This repo reproduces the results in "AutoGMM: Automatic Gaussian Mixture Modeling in Python" (https://arxiv.org/abs/1909.02688)
The algorithm is located in the branch of https://github.com/neurodata/graspy. So, first install graspy through github, then navigate to the autogmm branch usin the following commands:
git clone https://github.com/neurodata/graspy
cd graspy
git checkout autogmm
python3 setup.py install
or
git clone https://github.com/neurodata/graspy
cd graspy
git checkout autogmm
pip install -e .
The algorithm is located in graspy/graspy/cluster/autogmm.py. After autogmm is installed, you can run the scripts below.

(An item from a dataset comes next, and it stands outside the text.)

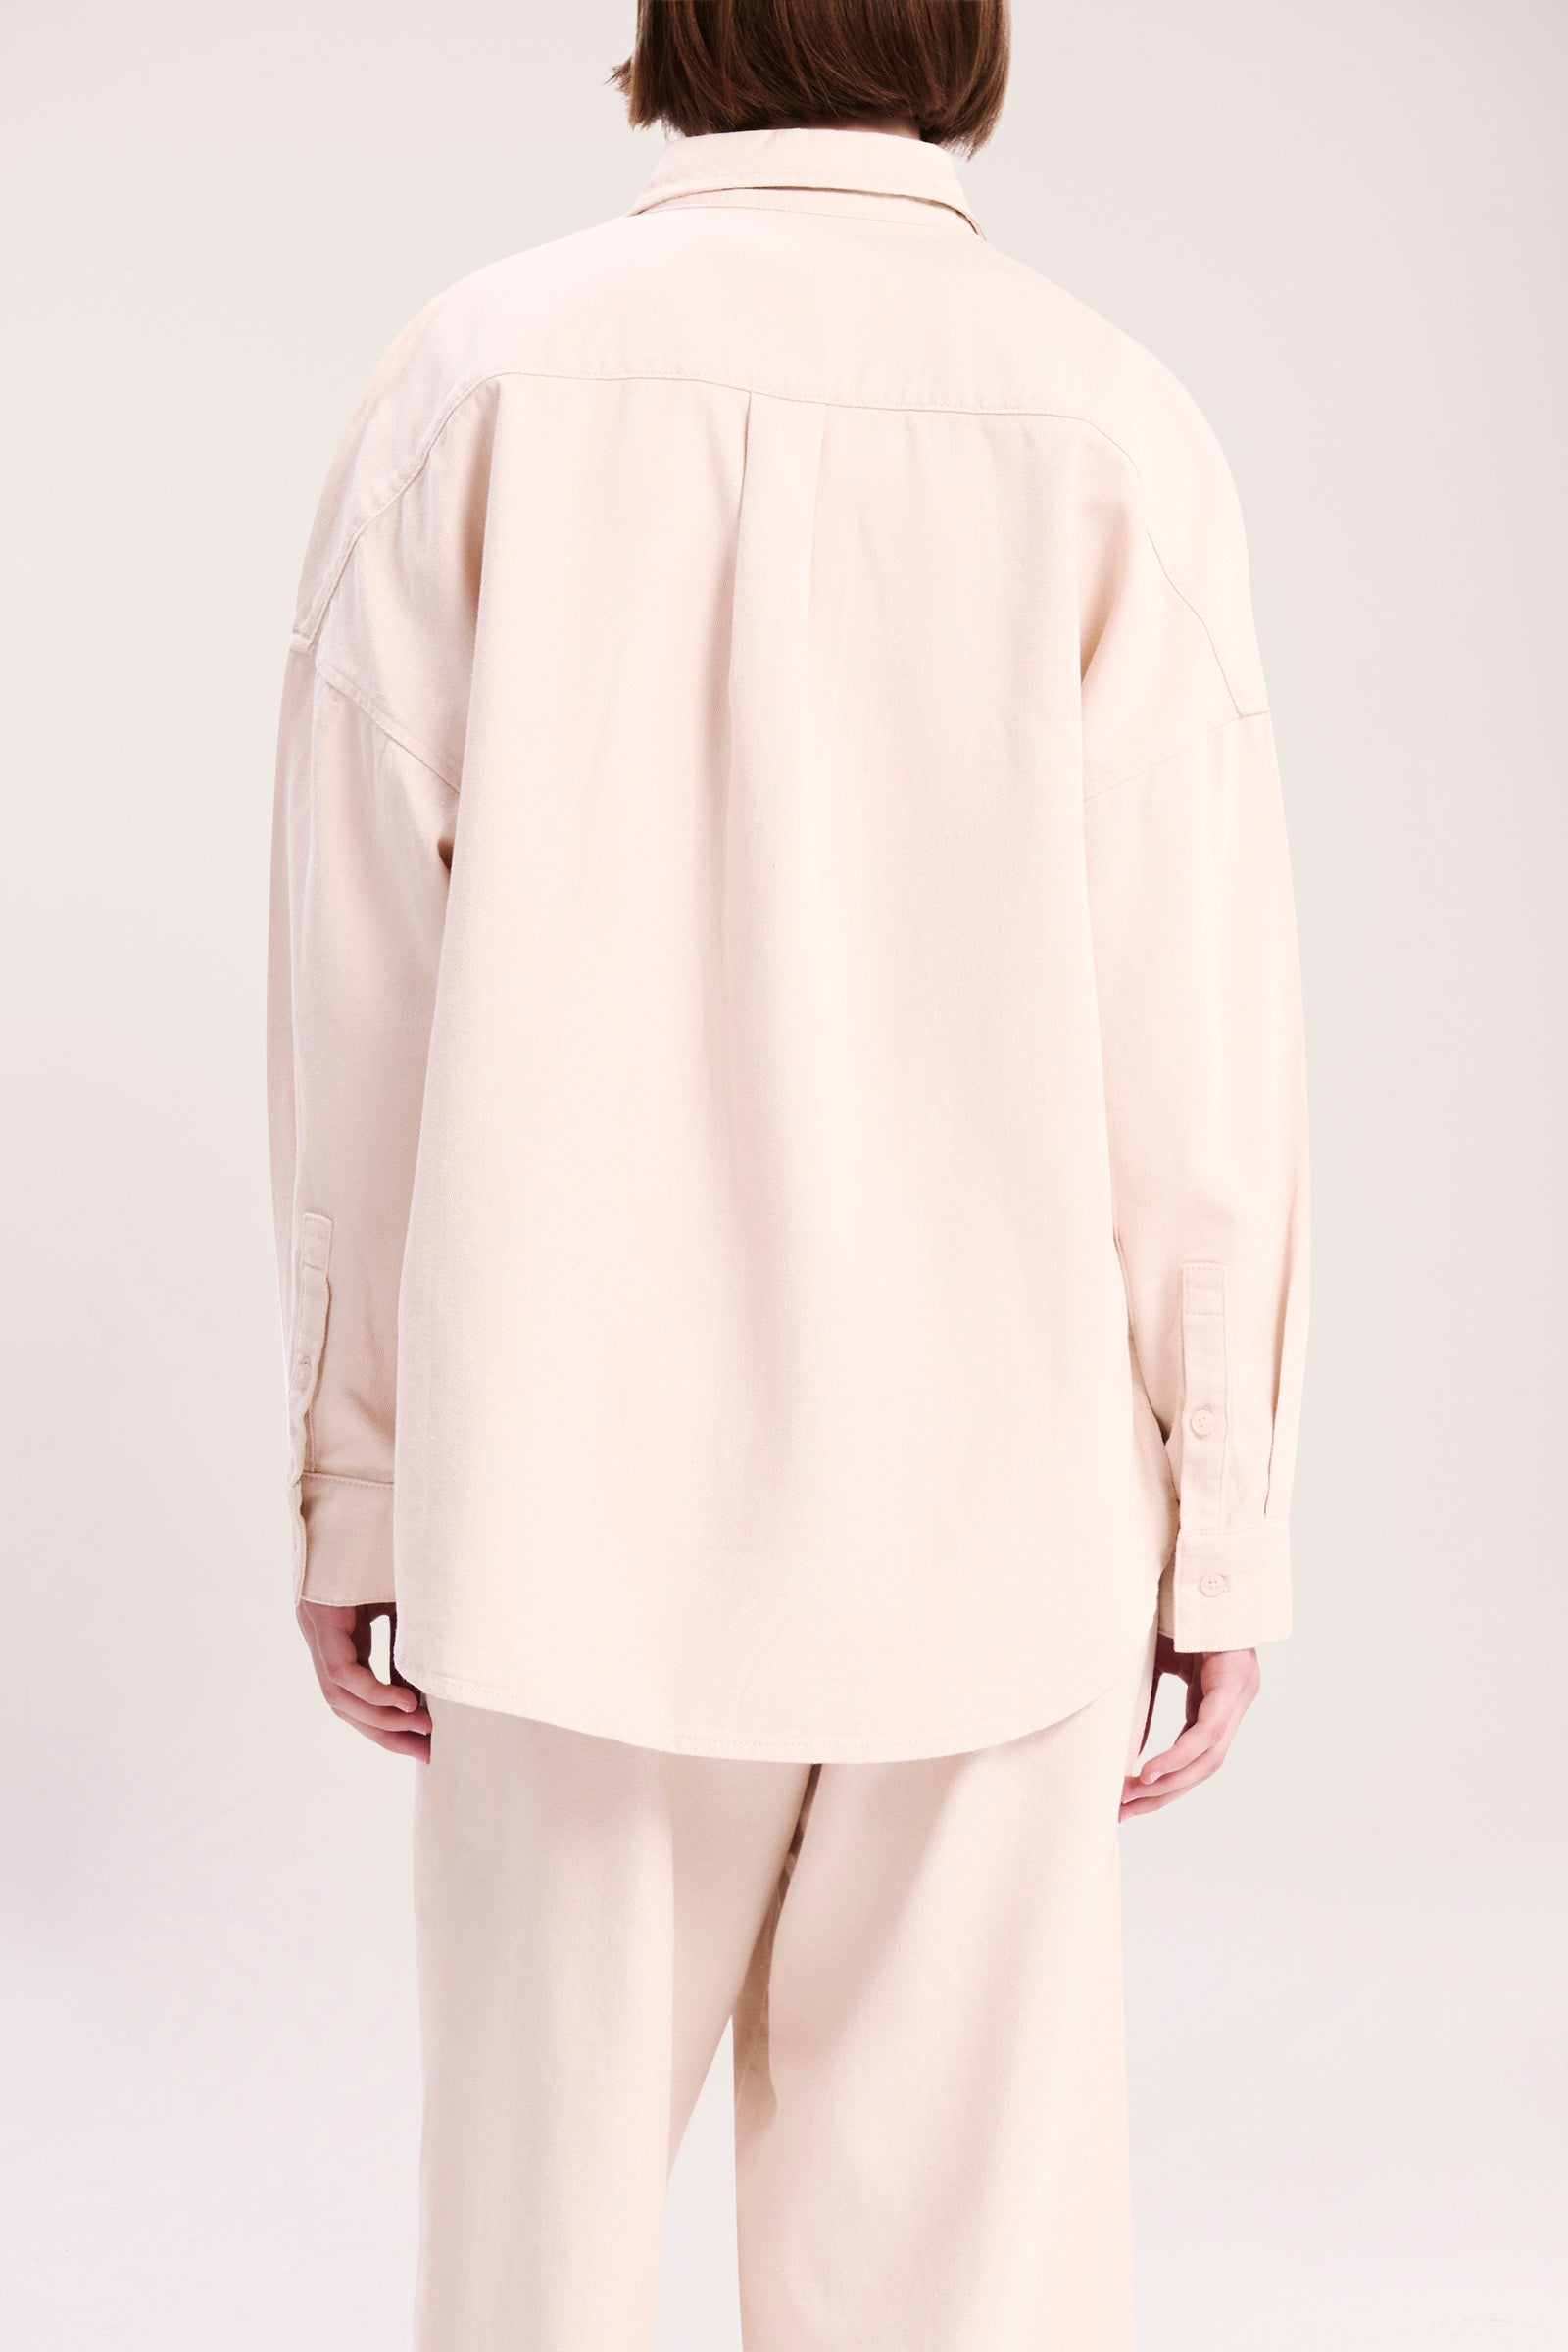 Nude Lucy Brookes Shirt in White Cloud

To run the R scripts, you will need to install R and the mclust library (we use version 5.4.2 in the paper). We recommend the RStudio IDE https://www.rstudio.com/. Users may need to "Set Working Directory" to "Source File Location," for the scripts to find find relative paths correctly.
These files reproduce Table 2, Figures 1-3, and Figure 5. They run the clustering algorithms on the complete datasets. Instructions within.
These files reproduce Figure 4. They run the clustering algorithms on the subsets of the data. Instructions within.
These files reproduce Figure 6. Instructions within.
brute_cluser_graspyclust.py - implementation of graspyclust
make_gmix.py - script that was used to make data/synthetic.csv
./data/ - contains the datasets that was used in the paper